Кухулин отвернулся от меня, чтобы я не видел его покрасневших глаз, и кто-то молча налил еще вина в его кубок. Он апатично отхлебнул и медленно повертел кубок. Кухулин выглядел ужасно несчастным. Ему было все равно, жив он или мертв. Конечно, огромное количество снотворного зелья, которое он проглотил за последние несколько дней, достаточное для того, чтобы убить любого другого (по клятвенному заверению жреца), вероятно, не способствовало улучшению его настроения. Однако именно бездействие и неуверенность, вызванные видениями дочерей Калатина, да еще мысли о том, что в Ольстере хозяйничает армия Мейв, несомненно, привели к тому, что он чувствовал разлад с самим собой. Смысл жизни Кухулин видел в битве, и если ему не позволяли драться, то он просто не знал, чем себя занять. Он скорее готов был сражаться с химерами, чем сидеть с нами, ничего не делая. Даже Эмер не знала, что ему сказать. Она сидела в сторонке, и вид у нее был очень несчастный.

Покинув его, я испытал облегчение и одновременно чувство вины за испытанное облегчение, после чего вообще перестал испытывать какие-либо чувства и пошел искать Оуэна. Бард сидел возле старого пня, уставившись на противоположный берег реки, пересекавшей долину посередине. Он услышал мои шаги и слегка наклонил голову набок.

— Лири?

— Это я.

Он показал на широкую повязку, Скрывавшую его голову. Влажные пятна отмечали те места, под которыми скрывались его глаза. Друиды смыли с них пыль и удалили мелкие щепки, а потом положили на кровоточащие глазницы припарки из трав, закрепили зеленую кашицу лоскутами ткани, да еще и забинтовали сверху.

— Мне сказали, что, вероятно, как только эту штуку снимут, я смогу немного видеть.

Я вспомнил, как он стоял передо мной, по его щекам текла кровь, и он спрашивал, смотрит ли на него Кухулин, а сам ничего не видел и молча терпел боль, потому что не хотел, чтобы Кухулин узнал о том, что случилось. Я почувствовал, как веки начинает щипать от подступающих слез, и, чтобы скрыть свою неловкость, прокашлялся.

— Для того чтобы почесывать себя между ног, зрение ни к чему, а больше тебе ничего и не нужно, — резко пробурчал я. — По крайней мере, теперь ты не сможешь бренчать на этой дурацкой арфе.

Он хохотнул и попытался двинуть меня рукой, но промахнулся на целый фут.
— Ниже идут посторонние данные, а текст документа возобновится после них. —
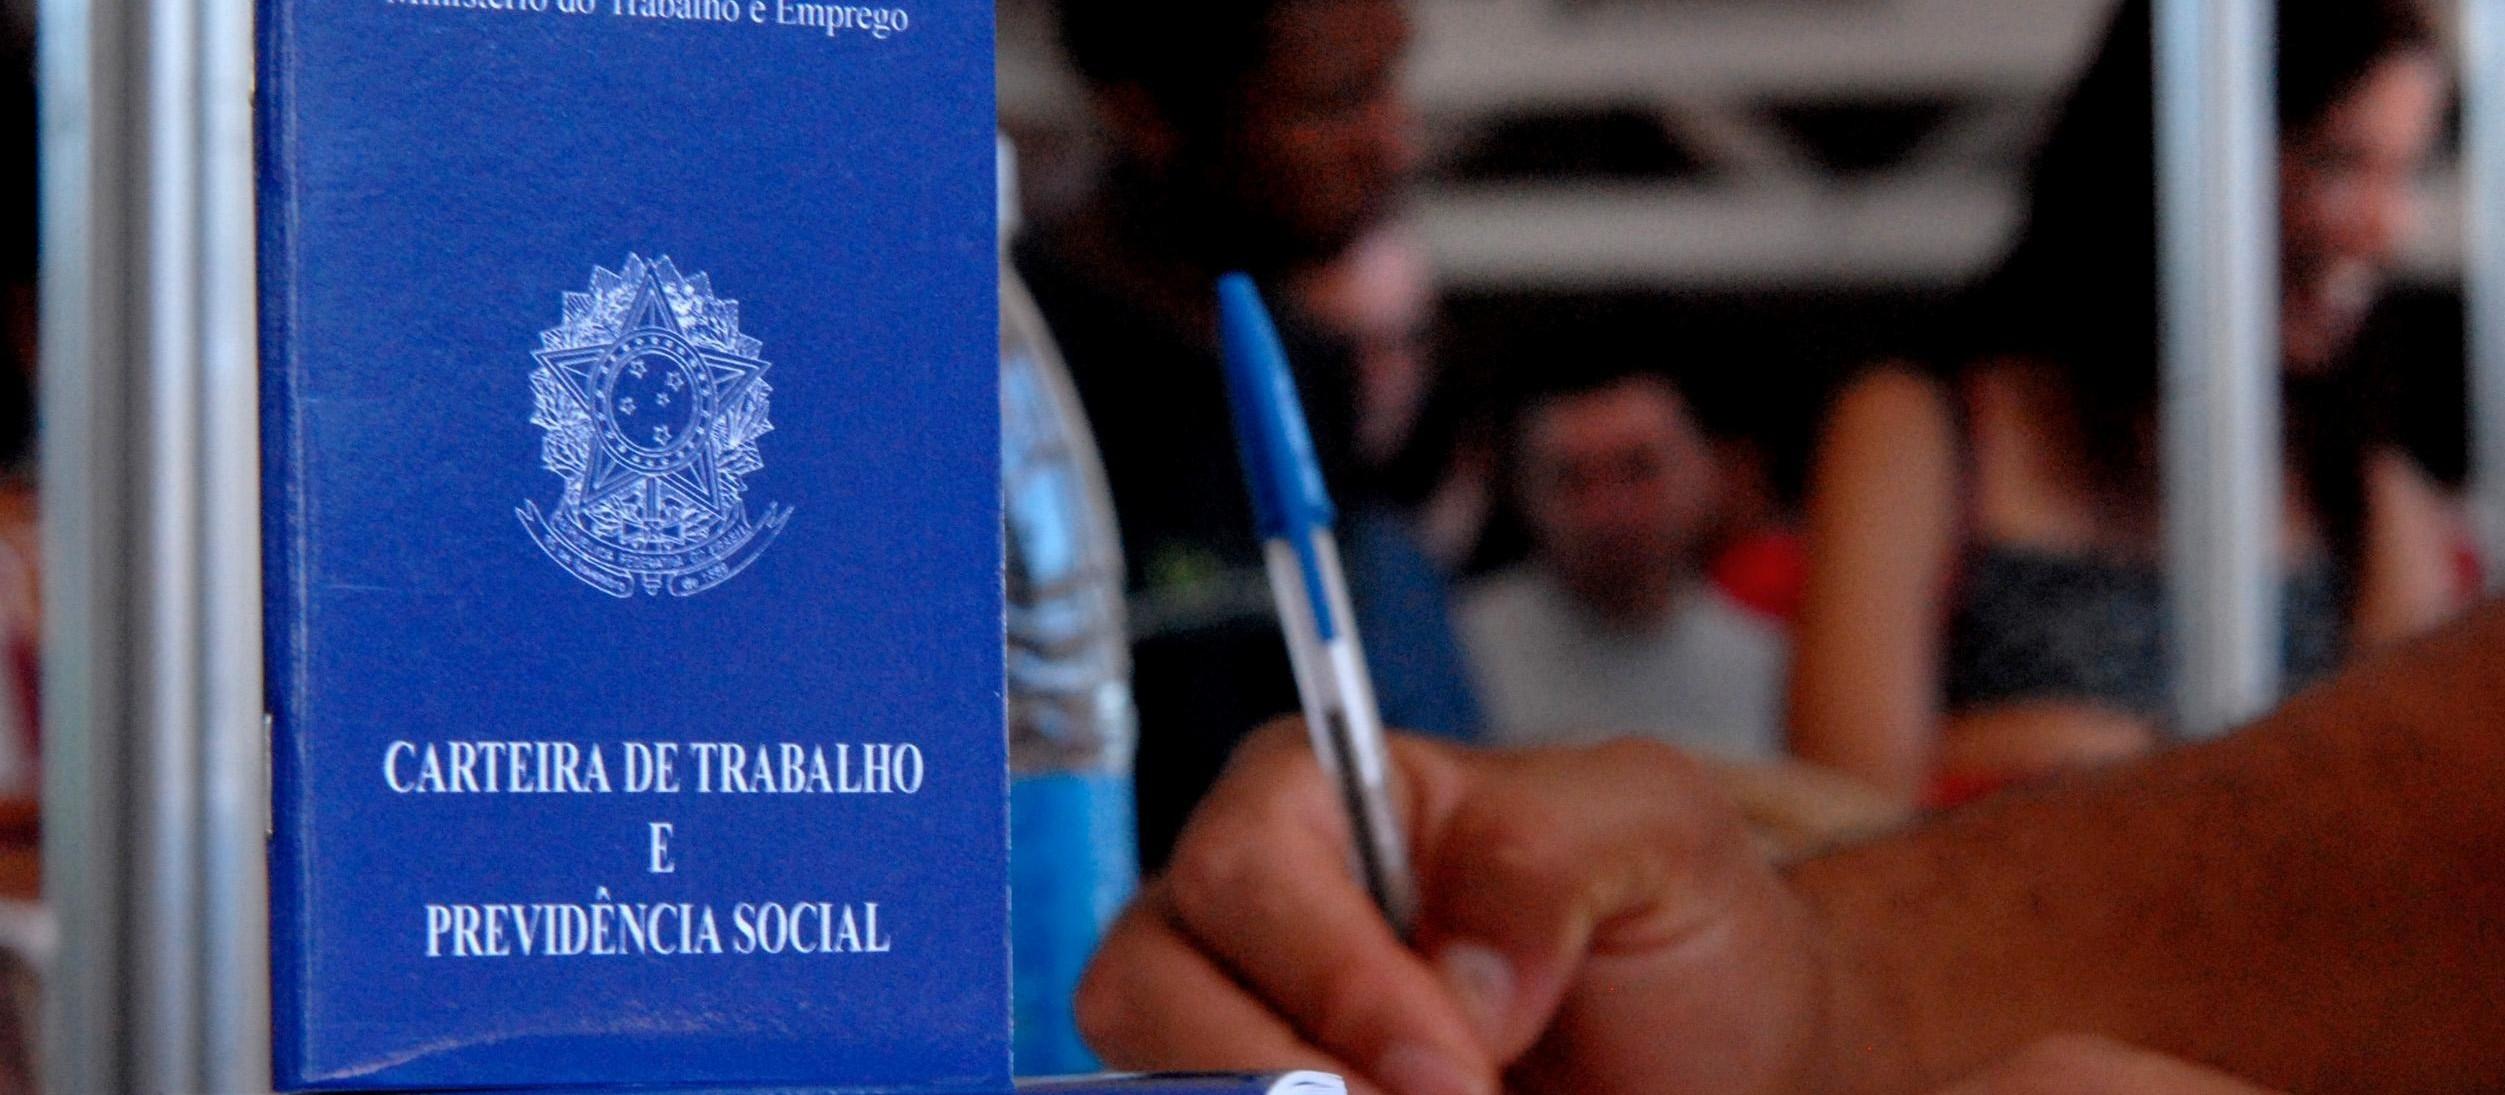 704 vagas de empregos temporários devem ser criadas até dezembro

— Ладно, можешь меня оскорблять, пользуйся случаем, — сказал он. — А когда я сниму эту штуку, ты мне за все заплатишь.

Со стороны входа в долину донесся чей-то крик. Я повернулся.

— Что там? — насторожившись, спросил бард.

Я увидел какого-то человека, который, тяжело передвигая ноги, двигался в нашу сторону в сопровождении одной из женщин, охранявших вход. Она трусцой бежала за ним, держа копье примерно в футе от его лопаток. Я увидел, что Кухулин лениво повернулся к ним и вдруг вскочил на ноги.

— Ронан!

— Кухулин!

Человек, тяжело дыша, вскарабкался на возвышение и бросился к ногам Кухулина, хватаясь грязными руками за его лодыжки и пытаясь что-то сказать. Кухулин поднял его и, положив руки ему на плечи, стал терпеливо ждать, пока тот переведет дыхание. Я узнал одного из бывших рабов Кухулина. У него были безумные глаза, покрасневшие от усталости и недосыпания.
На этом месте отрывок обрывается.